The Familiar Frenzy: Speed Over Substance
In the dot-com days (especially the late ’90s peak), almost any idea with a website could attract funding. Companies burned through cash chasing growth, assuming the market would reward them eventually. When reality hit, the fallout was severe—massive index drops, years to recover, countless failures.
AI moves even faster today. Startups pivot in days, enterprises scramble to integrate “AI everywhere,” and investment pours in hoping to back the next big winner. What took months back then happens weekly now. That velocity makes it tough to distinguish real progress from overpromising. Many tools sound revolutionary but offer limited gains, require heavy customization, or come with hidden costs in data, reliability, or integration.
Small businesses bear the brunt. They’re bombarded with messages that they must embrace AI immediately—generative tools, automation, analytics—or risk obsolescence. Without careful vetting, they invest in solutions that underdeliver, create more work than they save, or expose them to risks like data privacy issues or unpredictable outputs.
The Bubble Mentality: Superiority and Isolation
From the semiconductor years through the web-design boom, the Bay Area felt like its own world. Conversations revolved around breakthroughs; there was a growing sense of being far ahead. People developed an aura of superiority—dismissing non-tech sectors or outsiders who didn’t get it. I grew tired of that insularity and eventually left to escape the echo chamber. What seemed cutting-edge inside the Valley often felt abstract or irrelevant elsewhere.
AI brings back that dynamic, perhaps amplified. The “prima donnas”—as I call the most fervent tech enthusiasts with a smile—know exactly what I mean when I point it out; they grin because it’s part of the culture. Brilliant and driven, but sometimes caught up in hype that blinds them. Outside those circles, small business owners just want reliable tools without the drama or endless upgrades.
Practical Takeaways: Implement Wisely, Not Blindly
The work I did in the 1980s on silicon wafers, the gradient trick in the ’90s, and the brand-building for startups like Global VR weren’t total losses. They built foundations—steady improvements in hardware, user experience, and sustainable business models. AI has similar long-term potential: meaningful automation, better insights, reduced drudgery.

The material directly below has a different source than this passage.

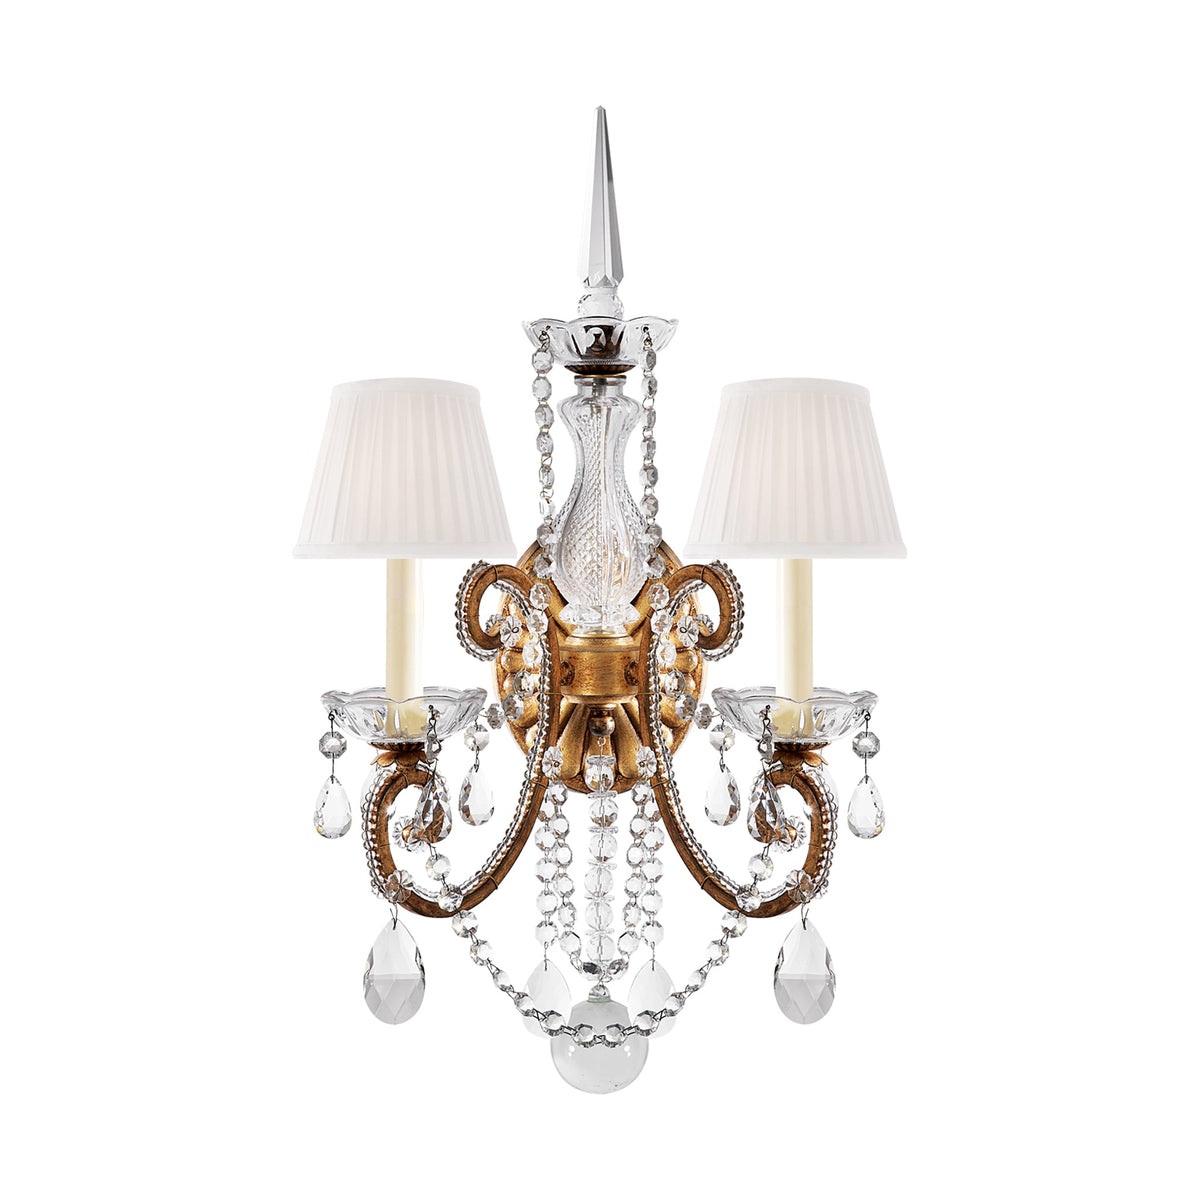 ADRIANNA DOUBLE SCONCE IN GOLDED IRON AND CRYSTAL WITH SILK SHADES
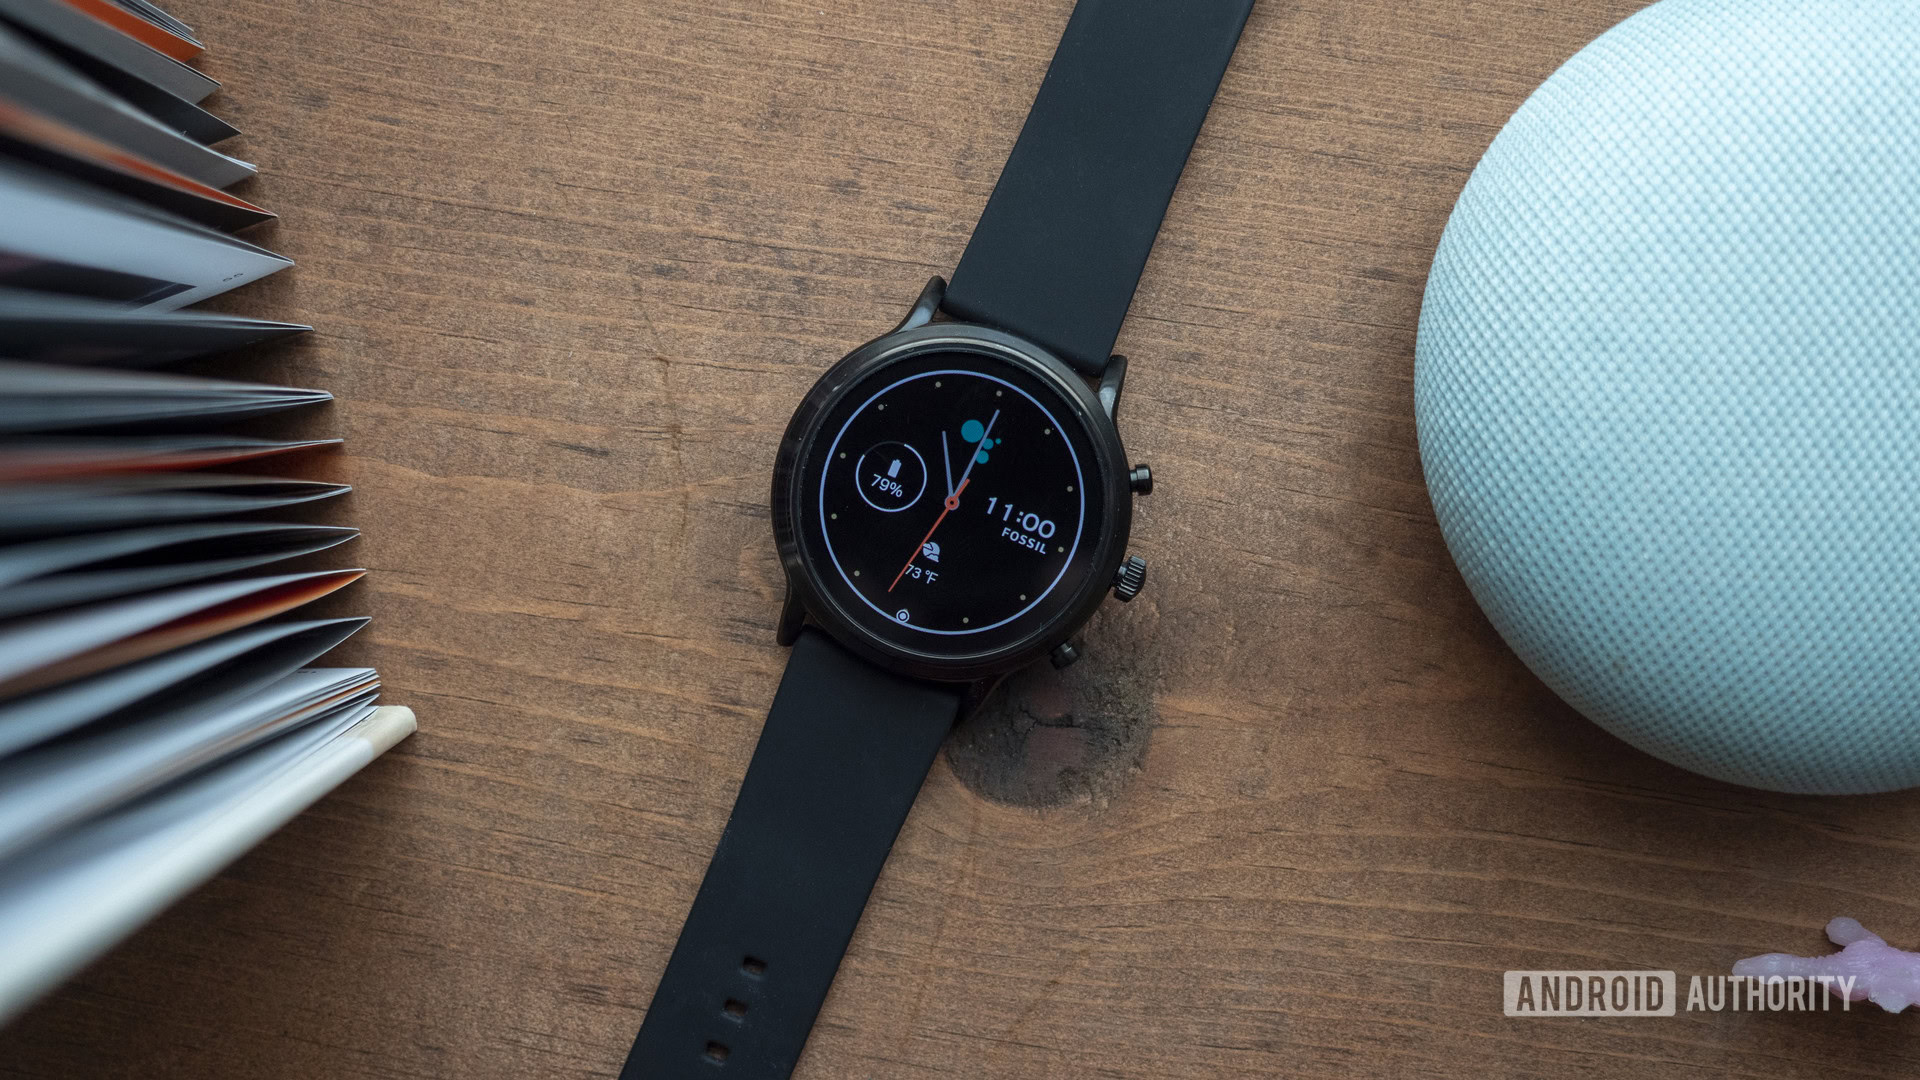 Fossil's new smartwatches add GPS, NFC, and heartbeat monitors

But rushing in blindly repeats old mistakes. The key lesson from those cycles: prioritize caution and fit over speed. Ask the tough questions:
- Does this address a specific, immediate need in my operations?
- Are the real costs—in time, money, training, or data—outweighed by tangible benefits?
- Can I pilot it modestly before scaling?
For small businesses, start simple: use AI for low-risk tasks like drafting emails, basic data sorting, or routine customer responses where results are easy to check and adjust. Avoid betting big on unproven “game-changers” until they’ve matured and proven consistent value over time.
Hype cycles come and go; grounded, practical application endures. The path from 1980s wafer fabs to 1990s web design to today’s AI boom shows tech evolves in waves, with bursts of excitement followed by corrections. AI’s promise is genuine, but so are its current limitations. Stay measured, evaluate honestly, and build incrementally. That’s the way to navigate the frenzy and come out stronger when things settle.